HCV Treatment Success Doesn't Depend on Specialists

NOVEMBER 08, 2017
Kenneth Bender
hepatitis c, primary care, specialistPatients with hepatitis C virus (HCV) infection achieved the same rates of sustained virologic response (SVR) regardless of whether they were treated by a specialist or non-specialist, in the first prospective trial comparing HCV treatment outcomes by provider in a real-world cohort.

Sarah Kattakuzhy, MD, Clinical and Administrative Director of the DC PFAP Hepatitis Clinical Research Program, and Assistant Professor of Institute of Human Virology in the Division of Infectious Diseases at the University of Maryland, and lead author of the study explained how their findings could support an expansion of HCV treatment.

"Patients are often reticent to see additional providers, and specialist-based treatment may incur additional cost, travel, and/or wait time, particularly in medically underserved areas," Kattakuzhy told MD Magazine. "Non-specialist based HCV therapy could help close existing gaps in the HCV care cascade, bringing more patients to treatment and cure."

Kattakuzhy and colleagues cited a study that found that of 43% of patients with HCV who were aware of their diagnosis and established with a healthcare provider, only 16% began treatment.   They point out that the approximate 20,000 gastroenterology-hepatology and infectious disease physicians in the US are insufficient to meet the treatment demands of the estimated 2.7 million Americans living with HCV infection.

The researchers suggest, however, that the high SVR rates achieved with well-tolerated, straight forward regimens of direct-acting antivirals (DAAs) presents the possibility of expanding the number of treatment providers and attaining widespread cure.

The phase 4 ASCEND trial was conducted to assess outcomes in patients with HCV infection from treatment managed independently by 3 types of community-based providers: nurse practitioners (5), primary care (5) and specialist physicians (5 infectious disease and 1 hepatologist).

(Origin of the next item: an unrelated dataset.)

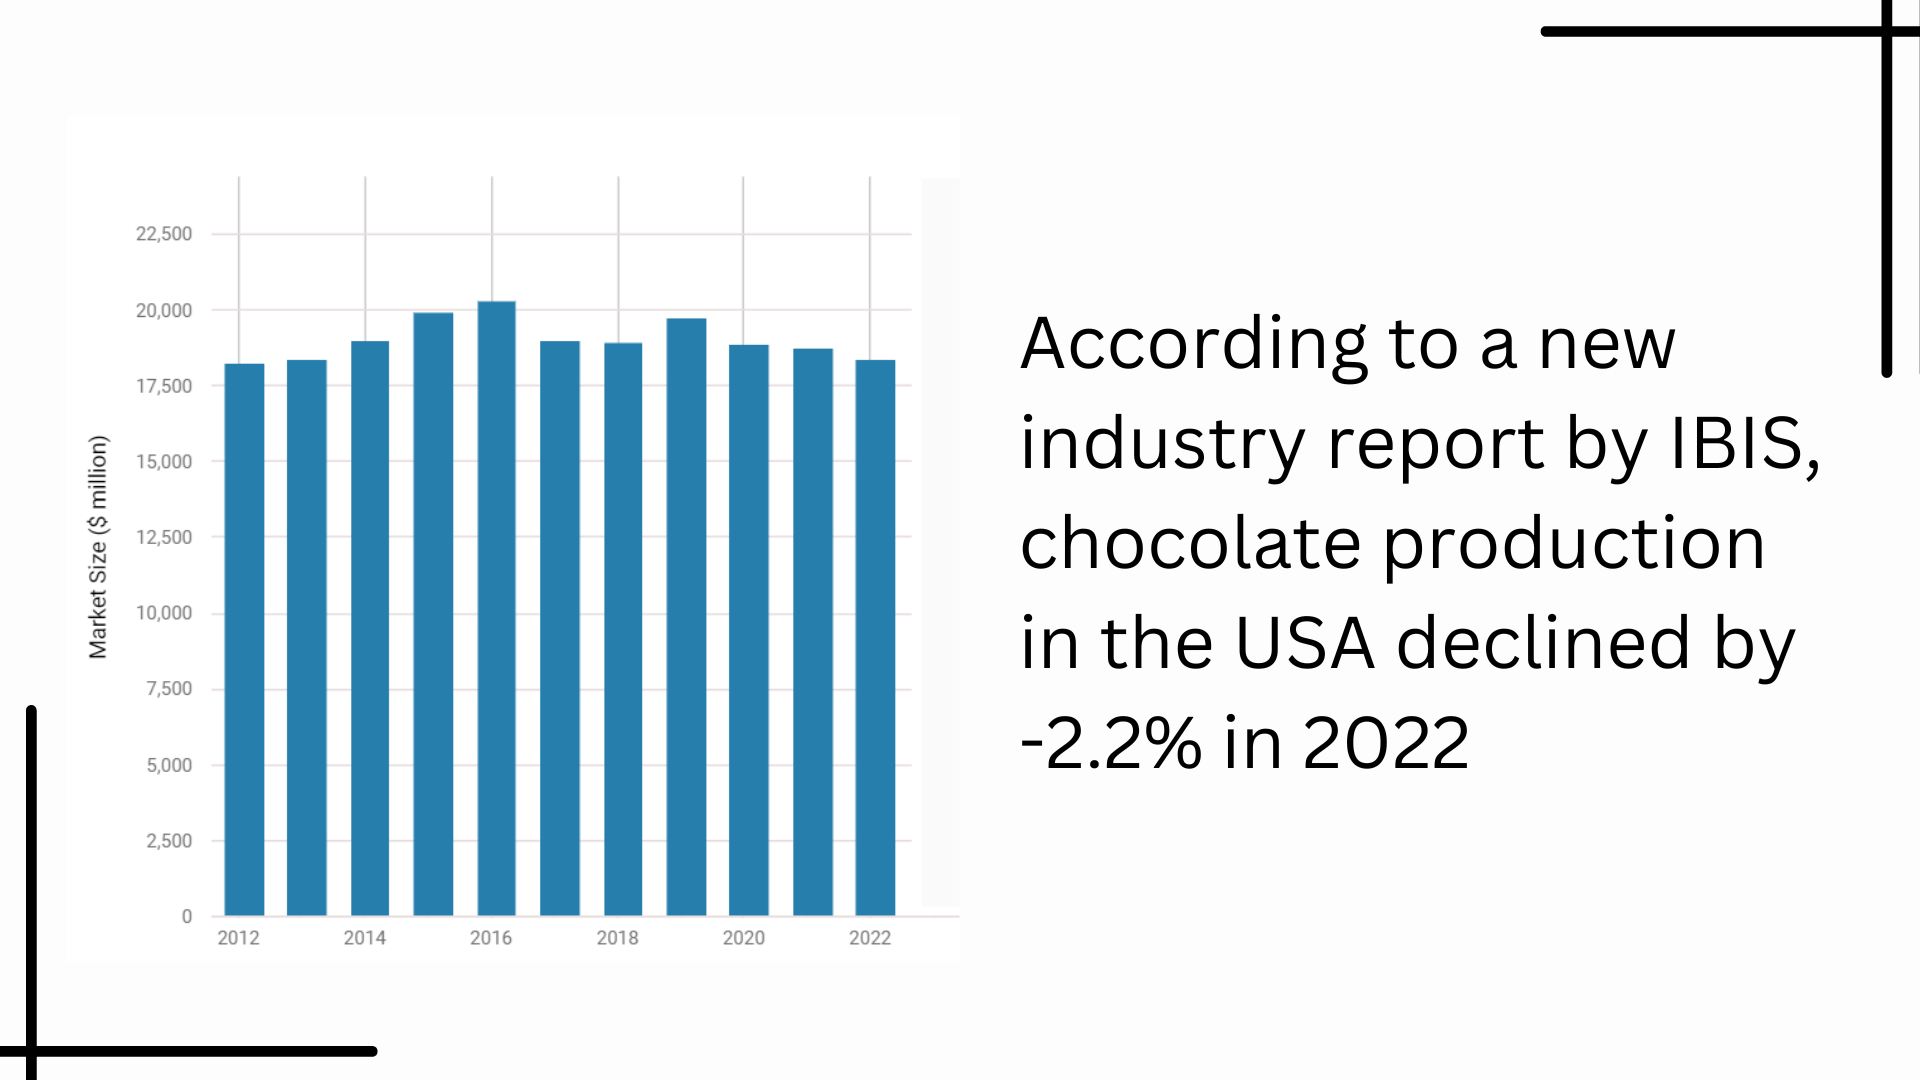 Chocolate production declines in USA by -2.2% in 2022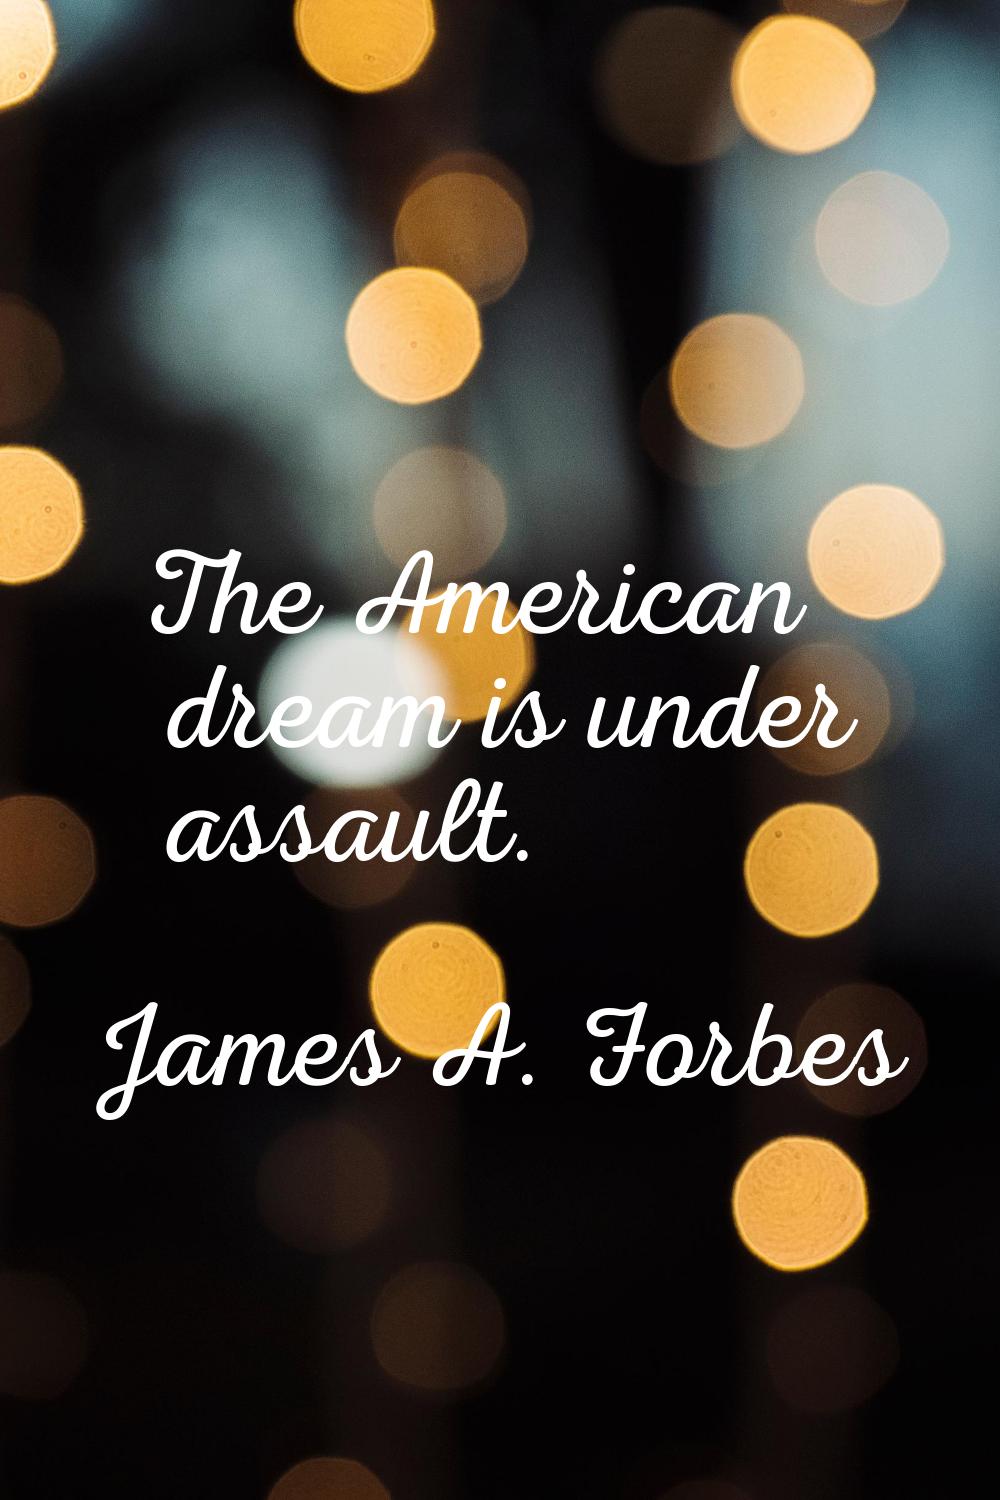 The American dream is under assault.

All practitioners completed a uniform 3-hour training course before the study.

Six hundred patients with chronic HCV (72% with genotype 1a), including 23% with HIV and 20% with cirrhosis, were recruited from 13 participating federally qualified health centers (FQHCs) in Washington, DC, which provide care to a primarily African-American, publicly insured, underserved population.

The patients were assigned in nonrandomized fashion so that each practitioner treated patients with similar baseline characteristics, and patients with HCV monoinfection as well as those with HIV-HCV co-infection. Provider assignment was also made to minimize patient travel time to treatment, and to maintain their established relations with a health center.

Kattakuzhy and colleagues reported that response rates to a regimen of ledipasvir-sofosbuvir (Harvoni) were consistent across the 3 provider types, and that there were no major safety signals. SVR was attained in 89.3% of patients treated by nurse practitioners, 86.9% of those treated by primary care physicians, and 83.8 % treated by specialists. Patient loss to follow-up was the major cause of not attaining SVR.

"The take home message is that primary care providers can treat most HCV-infected patients independently in an office-based setting, with appropriate but concise training, and be confident that the vast majority of these patients will be cured," Kattakuzhy said.

She noted that, in the current era of chronic disease management options, physicians have the “rare opportunity” to eliminate potentially life-threatening disease.

“As such, primary care providers should advocate for full prescriber access to HCV medications without insurance-based restrictions," Kattakuzhy said.

The trial, "Expansion of Treatment for Hepatitis C Virus Infection by Task Shifting to Community-Based Nonspecialist Providers: A Nonrandomized Clinical Trial," was published online in the Annals of Internal Medicine.